* _RECORDED DATA_:
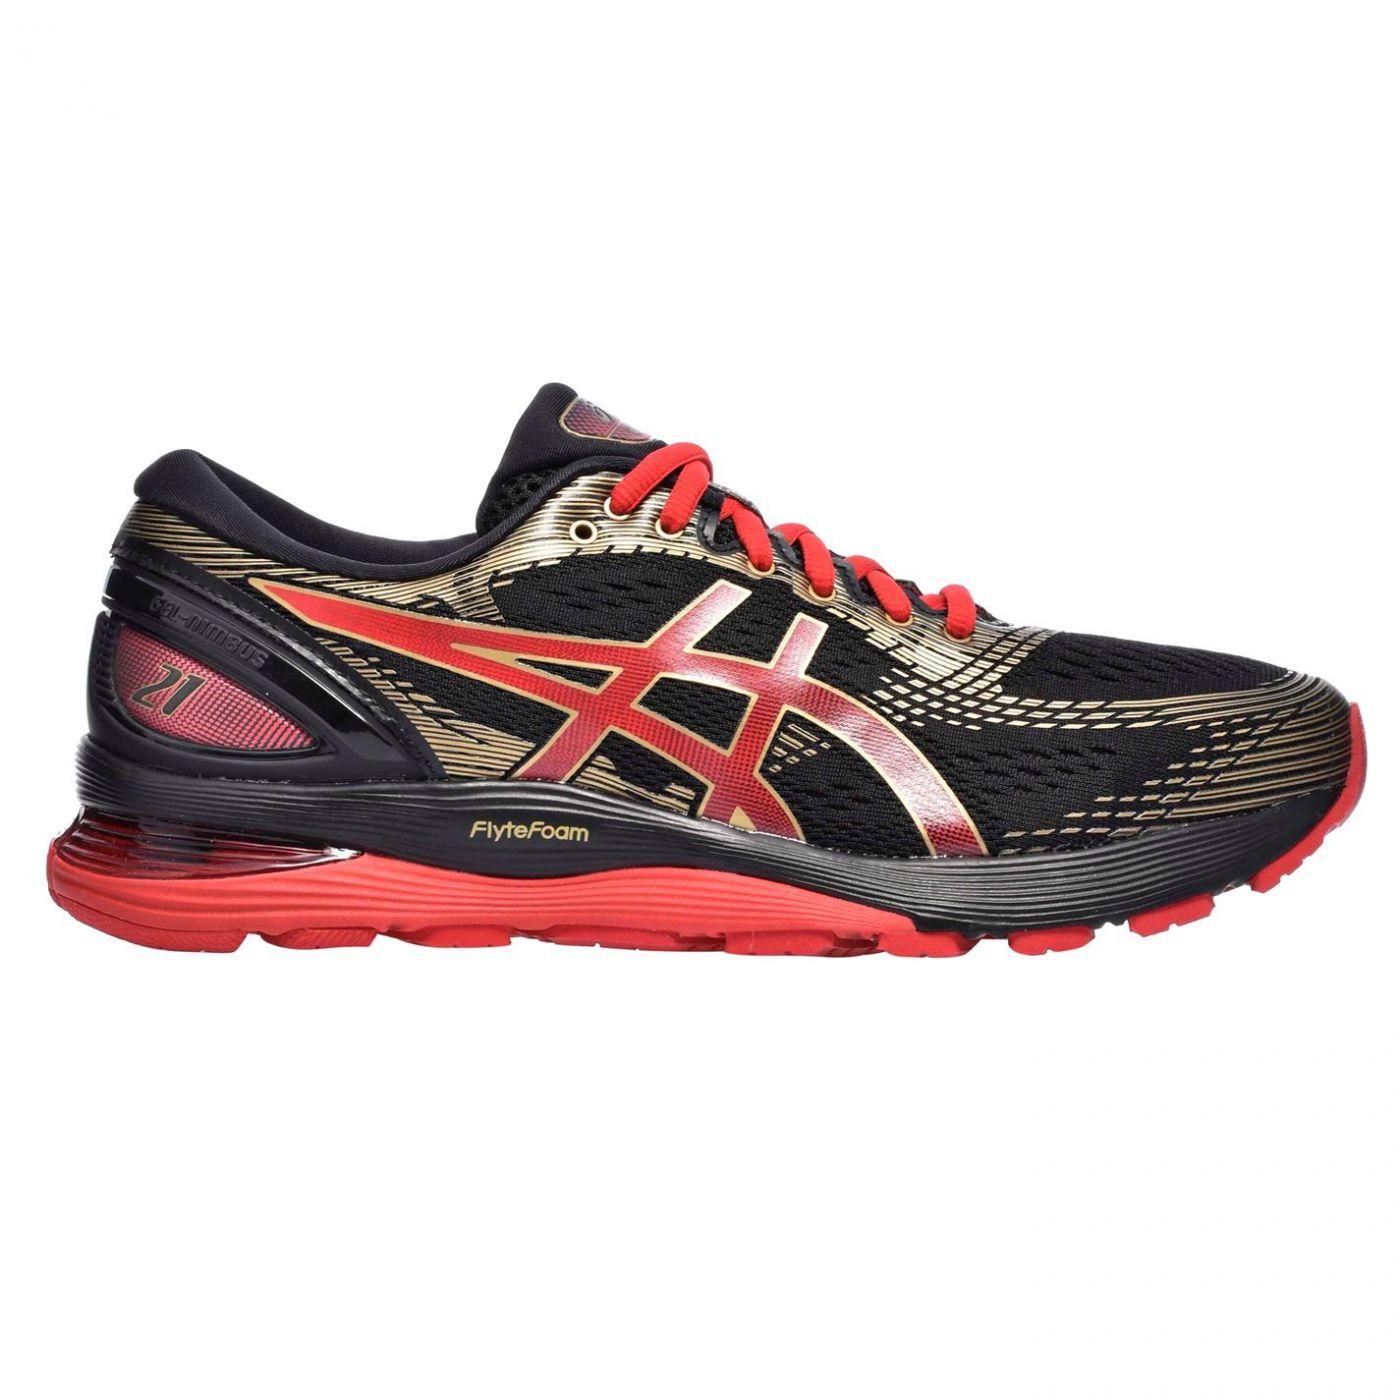 Asics GEL-Nimbus 21 Mugen Men's Running Shoes
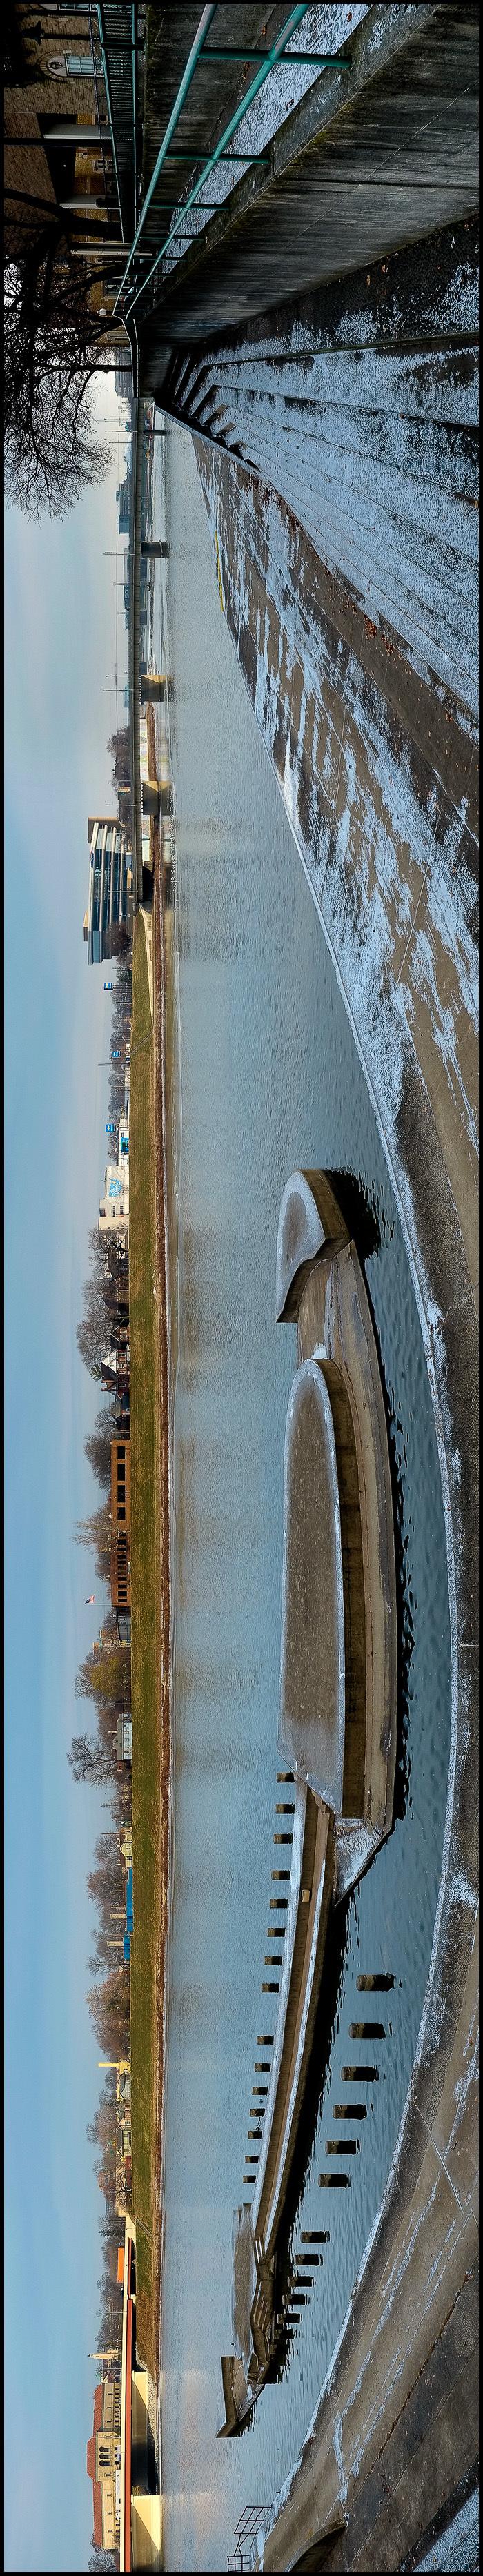 T161221-05-blog-panorama.jpg
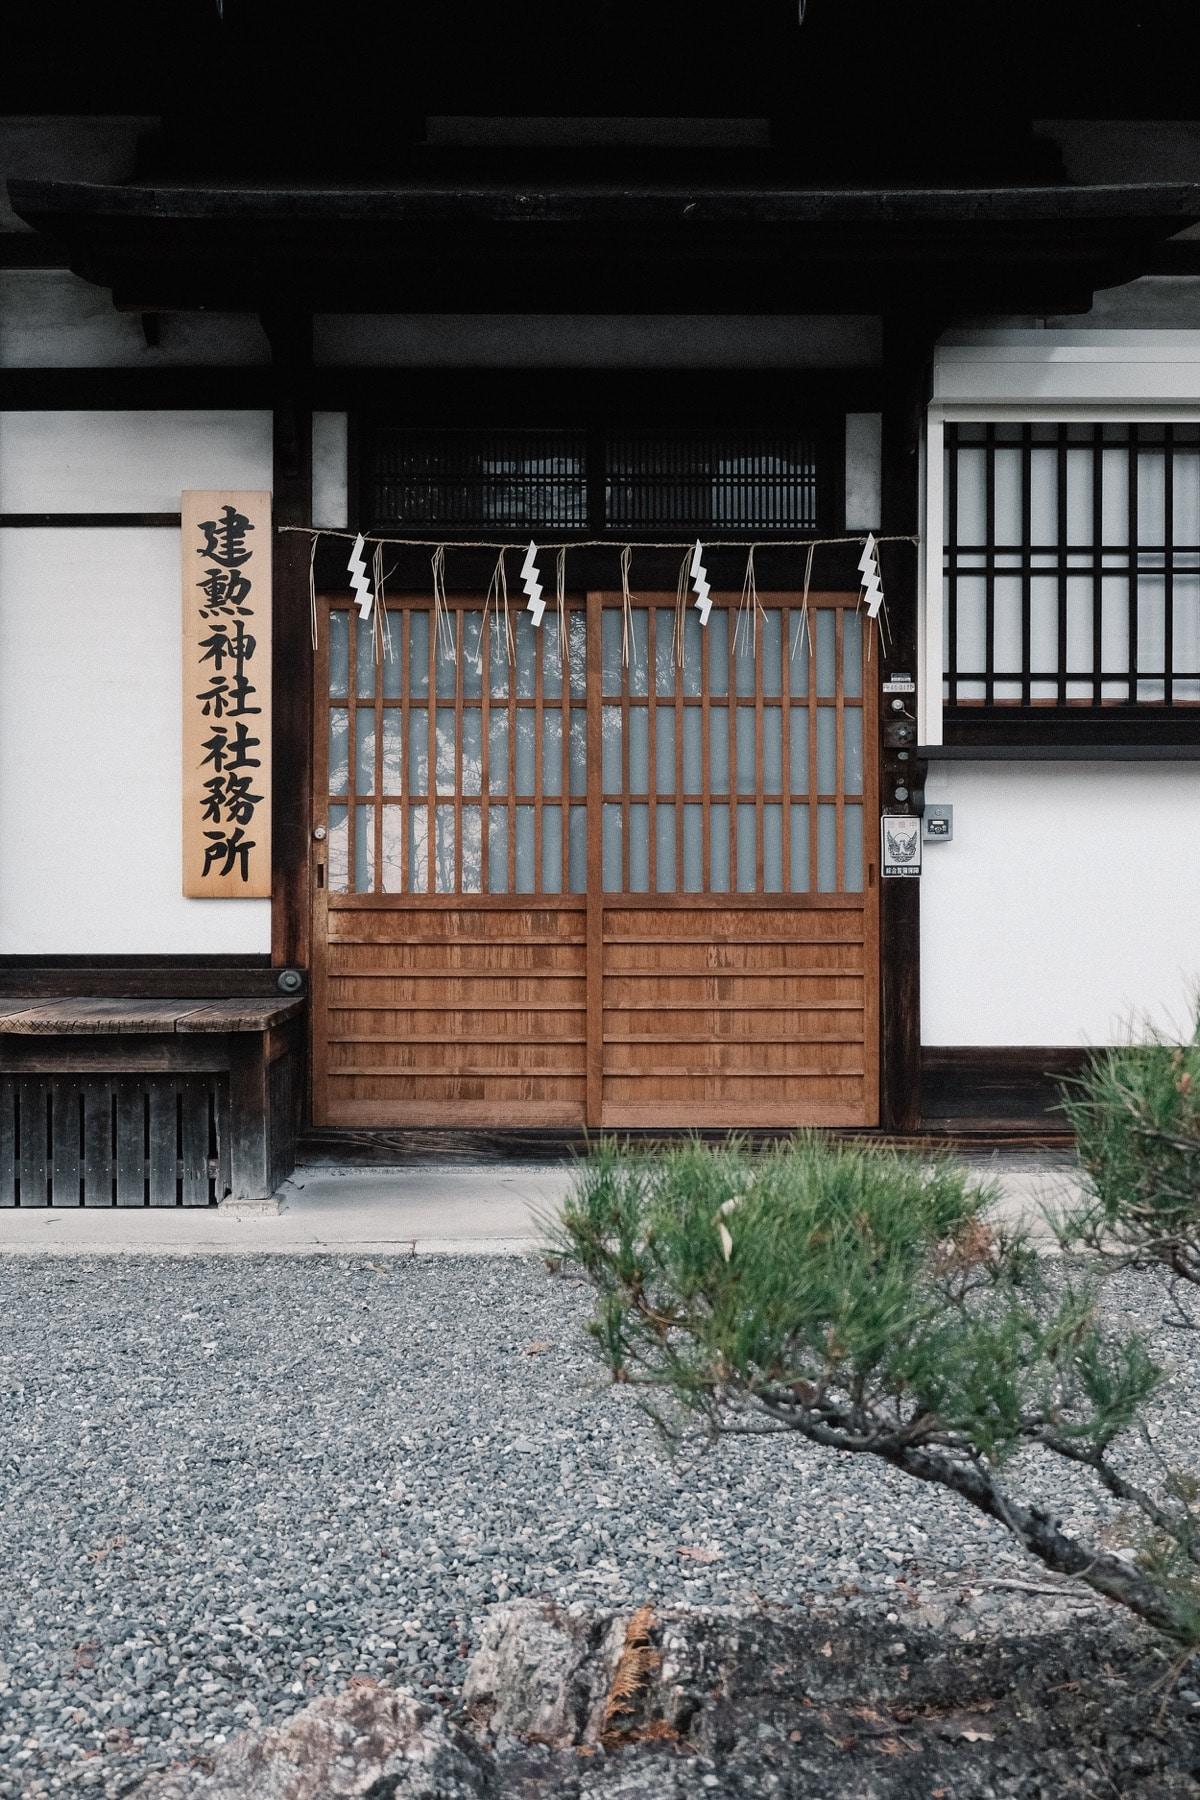 Kinlake-Kyoto-Lifestyle-2018-6984
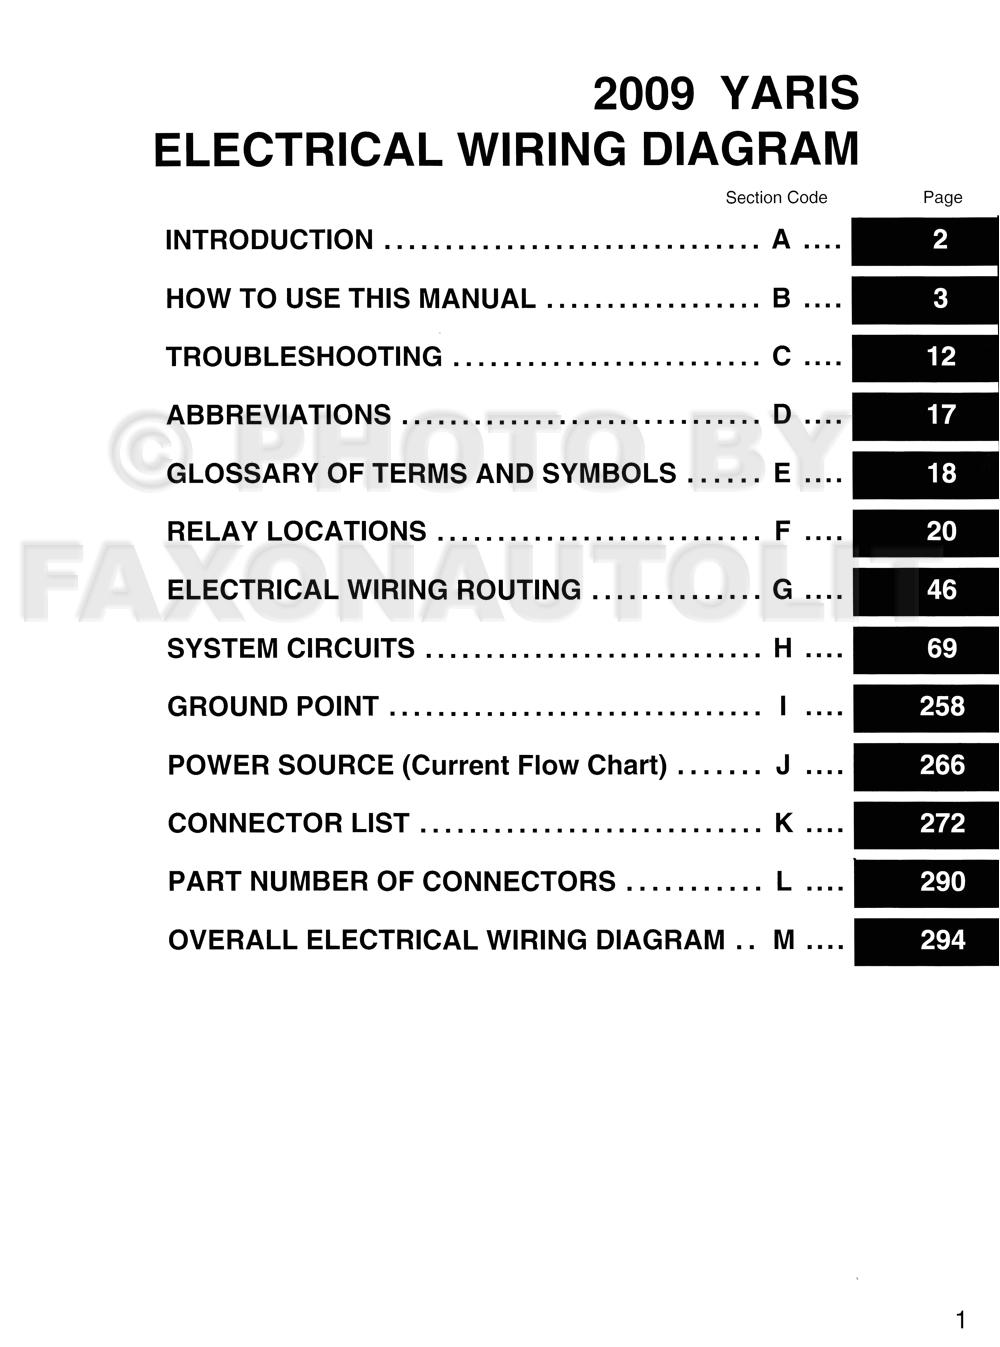 2009 toyota Yaris Wiring Diagram Pdf 2009 toyota Yaris Wiring Diagram Manual original

* _ASSIGNMENT_: Output all the material above exactly once more, leaving every picture out.

* _ANSWER AREA_:
 Asics GEL-Nimbus 21 Mugen Men's Running Shoes
 T161221-05-blog-panorama.jpg
 Kinlake-Kyoto-Lifestyle-2018-6984
 2009 toyota Yaris Wiring Diagram Pdf 2009 toyota Yaris Wiring Diagram Manual original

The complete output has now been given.